Было забавно наблюдать за этой особой радостно носящейся вокруг повозки, словно ребёнок с игрушкой. Завершилась беготня втеканием в землю палки, на которую водрузили старый котелок Мухомора. Гном ворчал, но с орчанкой ничего сделать не мог, ростом и силой не вышел. Вспышка, и жестяная ёмкость разлетелась на разные стороны яркими брызгами расплавленного металла.
А потом мы быстро собрались, затушили костёр и двинулись в путь.
Я привязал Гнедыша и трофейного коня к задней части фургона, сел на ко́злы и направил повозку в сторону Стеклодара.
Рина снова кипятила на газу в медной турке отвар из плесени, не обращая на меня внимания. И иногда казалось, этой ночи, полной тихих стеснительных стонов, частого горячего дыхания и жарких объятий, не было. Словно эльфийка запрятала все чувства в дальний ящик, от посторонних глаз подальше. Даже обидно.
Чтоб хоть как-то скоротать время, снова сунул за ухо дневник.

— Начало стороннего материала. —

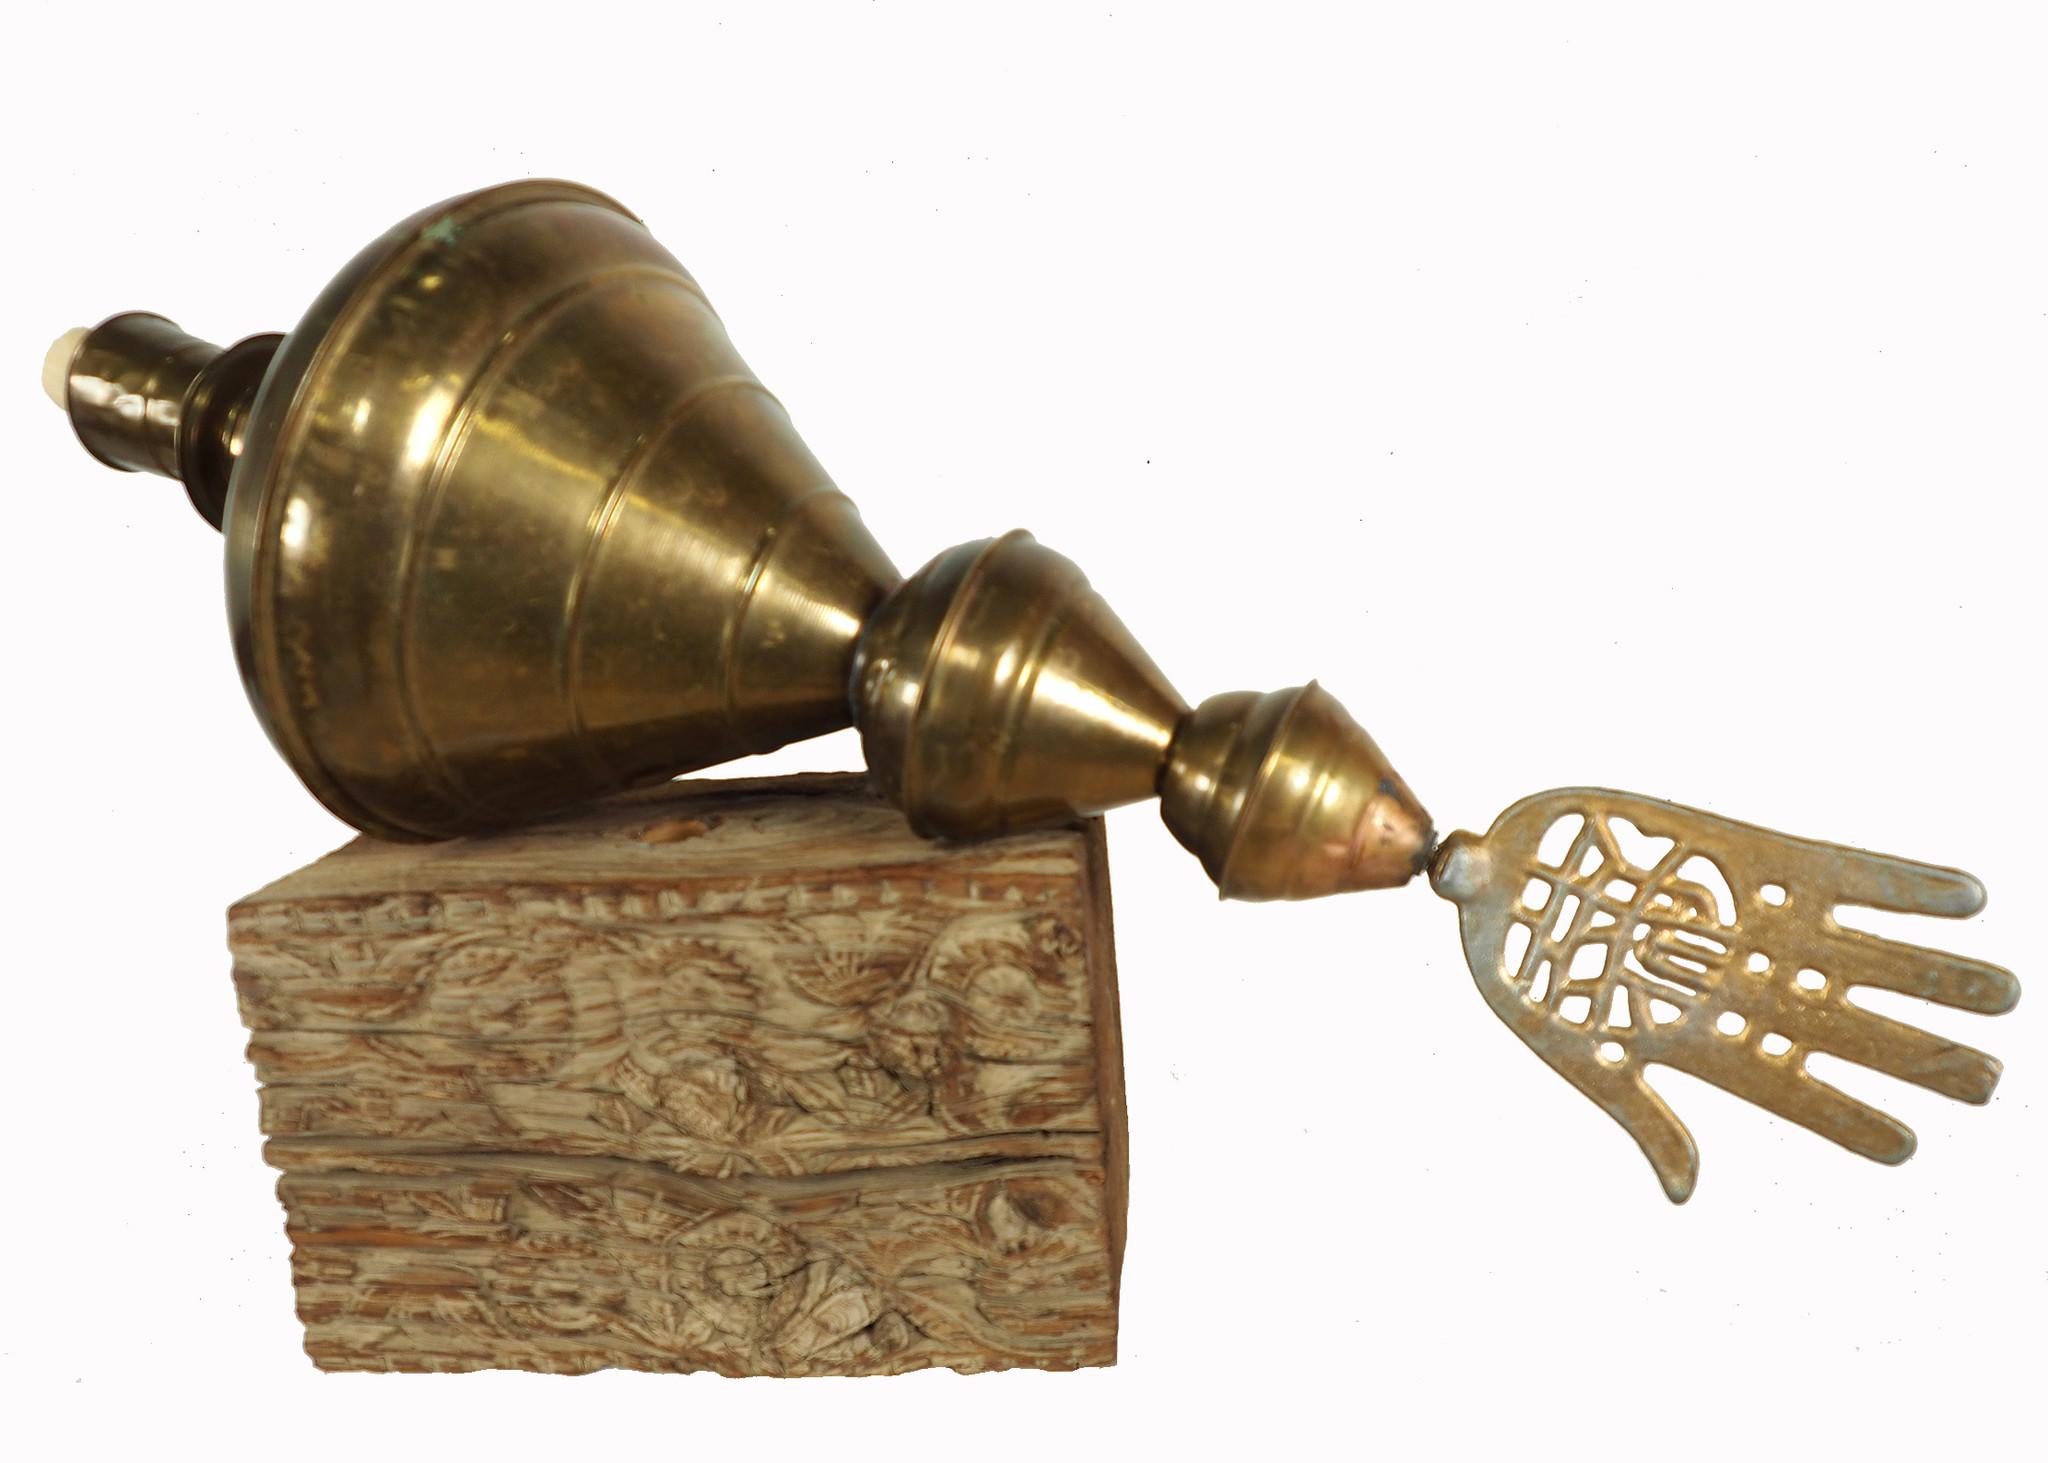 Antique Islamic brass mosque minaret lace Alam hand of fatima wood pedestal 19

Лошади и так тянут телегу, а с дороги свернуть негде. Тем более она приподнята над полями. Лишь куски потрескавшегося и выгоревшего за эти века асфальта чередуются с поросшим травой щебнем. Иногда промоины и дыры закиданы битым кирпичом и галькой. Ведь дорога до сих пор важна, и её время от времени латали.
Путники встречались нечасто, потому как осень. Зерно, овощи, сено и разные товары уже распиханы по амбарам и складам или распроданы. Дожди загнали людей, ожидающих холода по тёплым домам и тавернам.

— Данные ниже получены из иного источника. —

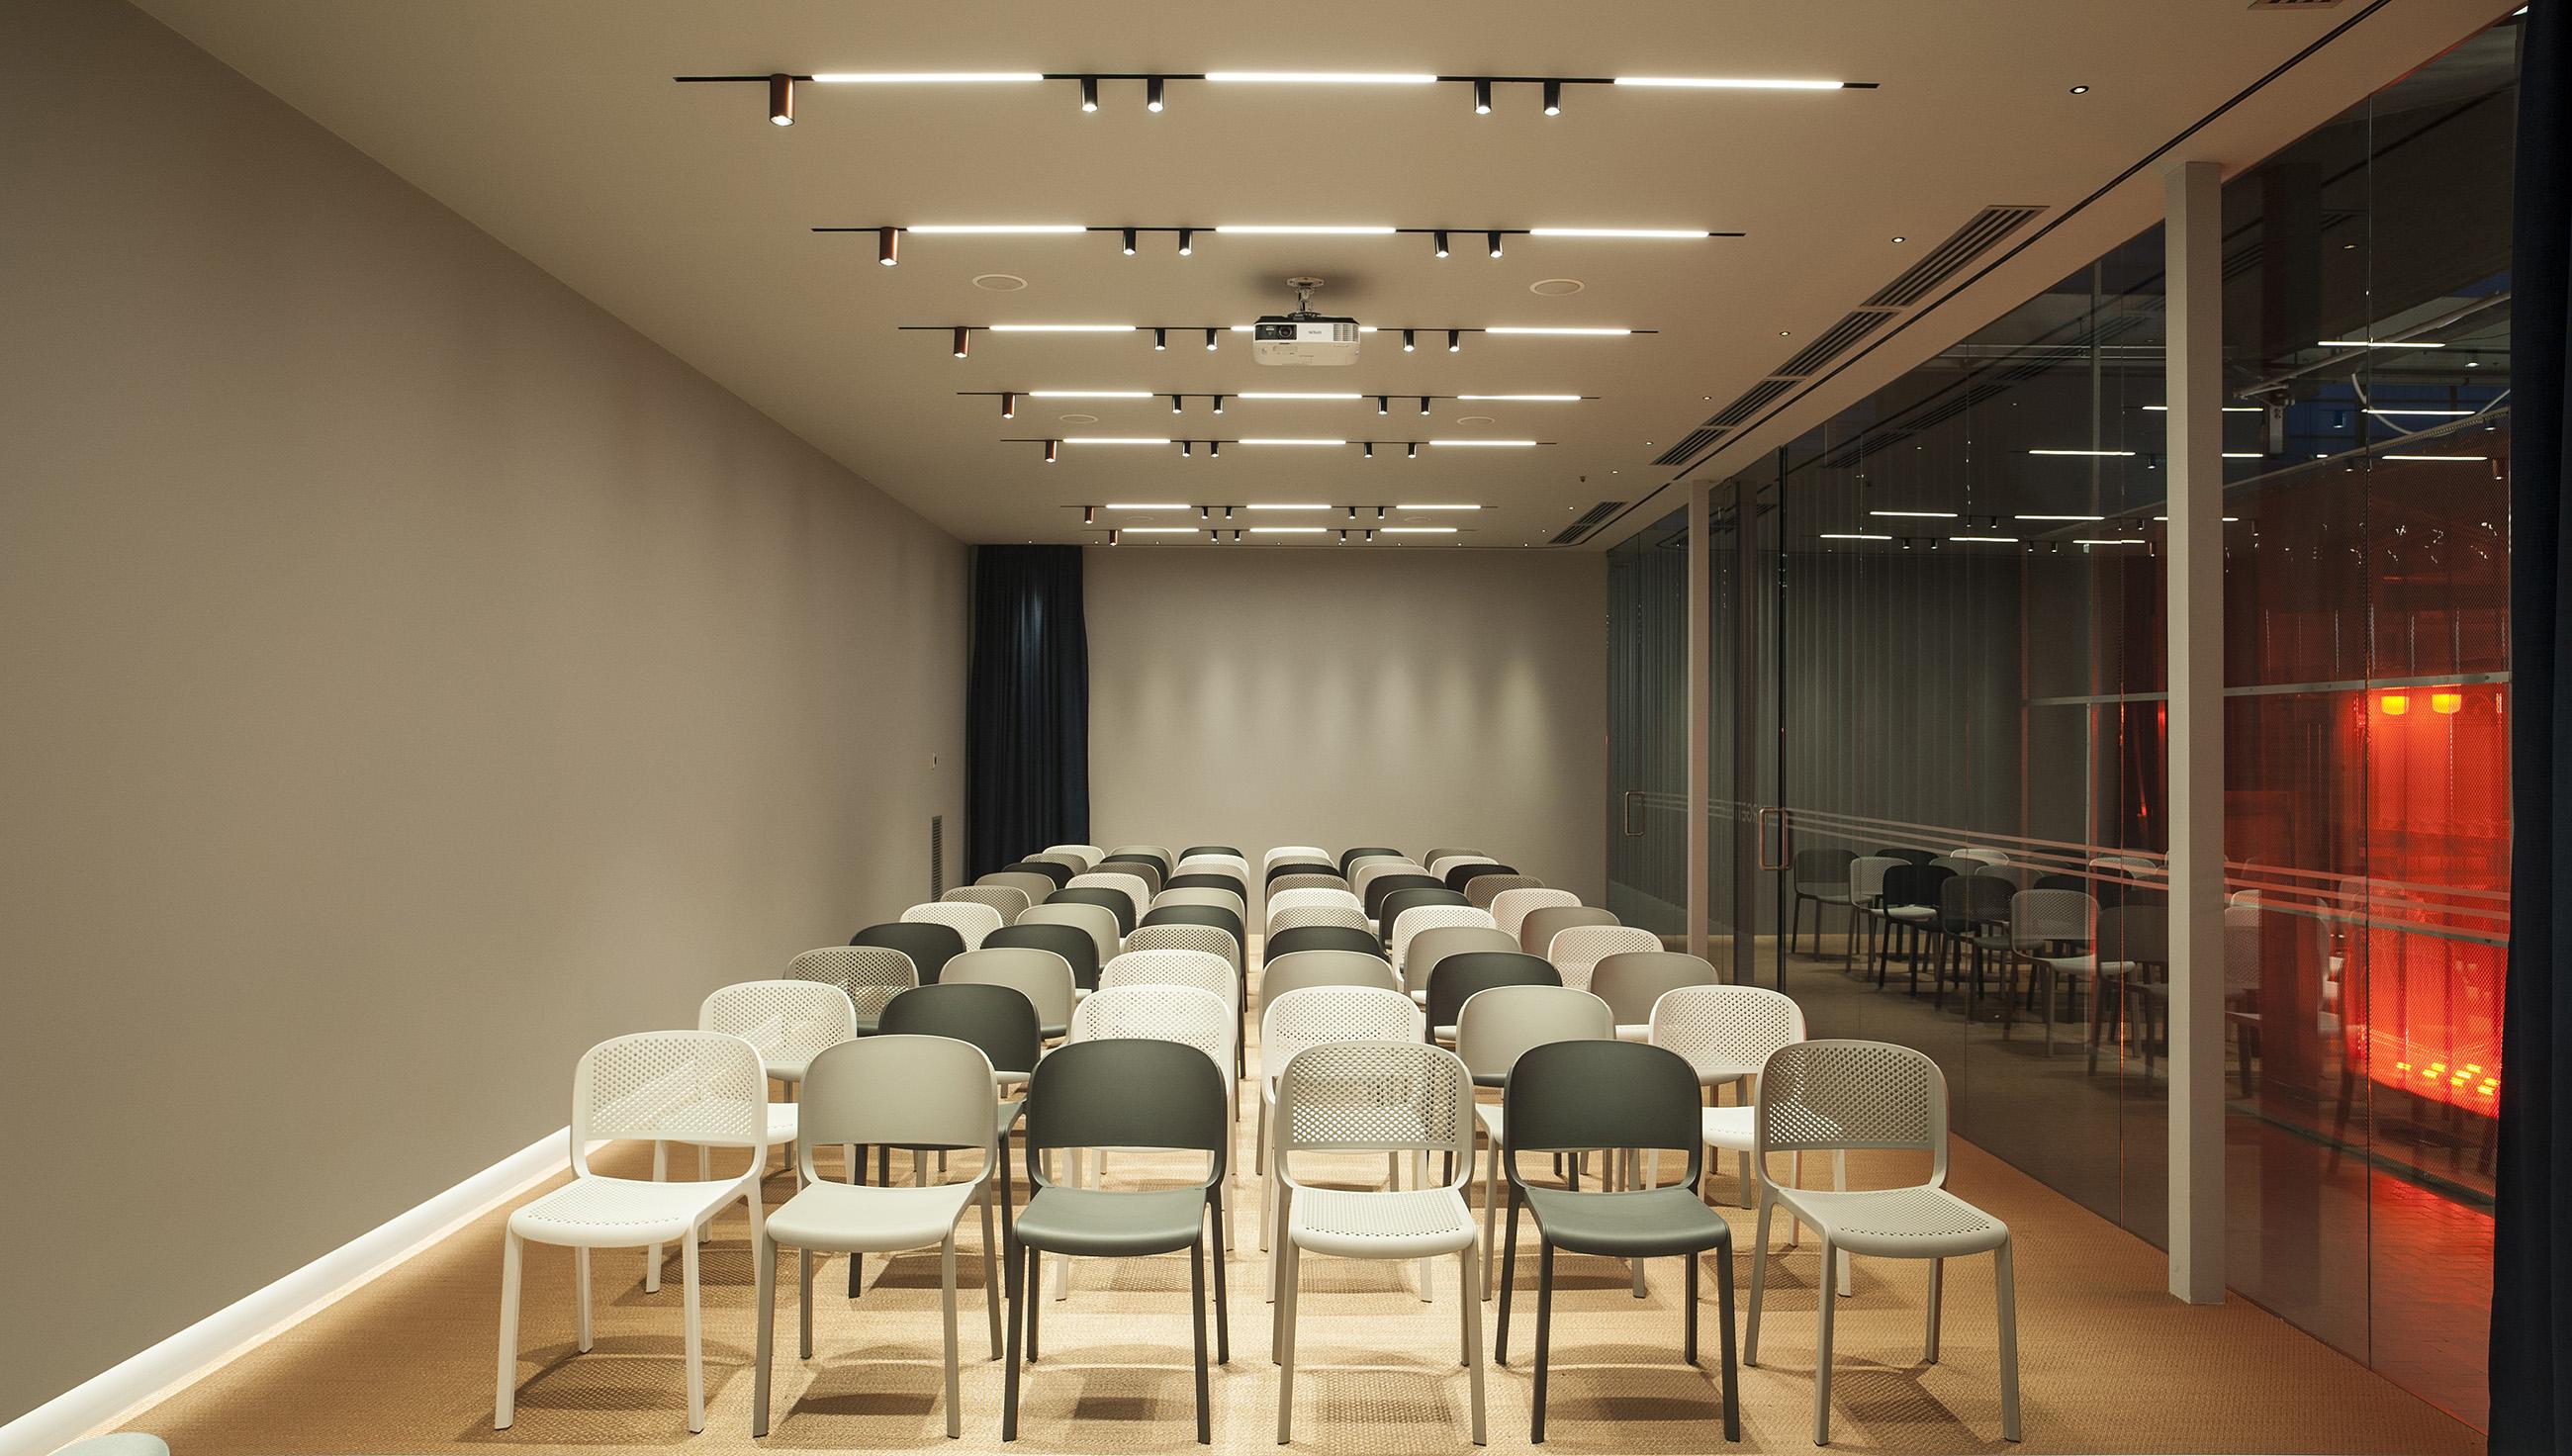 Th01, Targetti, HUB, Firenze, Florence, showroom, Deferrari Modesti

Стоило дневнику оказаться на месте, и я привычно шагнул сквозь вязкую пелену тумана в другой мир. Дорога плавно сменилась светлой комнатой с одним узким окошком у самого потолка. Кафельные стены и несколько жестяных шкафов со стеклянными дверцами дополняли неприглядную картину.
А перед Никитой сидел, откинувшись на спинку и выпуская в потолок струи дыма, знакомый уже анатомщик. Я хотел было поморщиться от вони курева, как это же сделал древний.
— Не курил бы, — пробурчал он на своего собеседника и помахал рукой, разгоняя клубы сизой отравы.
— У нас тут конец света, а ты хочешь провести лекцию о вреде курения, — с ехидной улыбкой ответил анатомщик и снова выпустил в потолок дым. — Ядерные бомбы куда вреднее, чем сигареты.
— Хватит придуриваться, зачем позвал? — произнёс Никита и опустился на стул. На колени лёг автомат. Одна из длинных белых ламп, висящих под потолком, неприятно моргала с лёгким тиканьем. Так и хотелось протянуть к ней руки и выдернуть из цоколей. Или разбить.
Наслаждающийся затянувшейся театральной паузой анатомщик, перед которым стоял небольшой, заваленный бумагами стол, потянулся и поднял листок.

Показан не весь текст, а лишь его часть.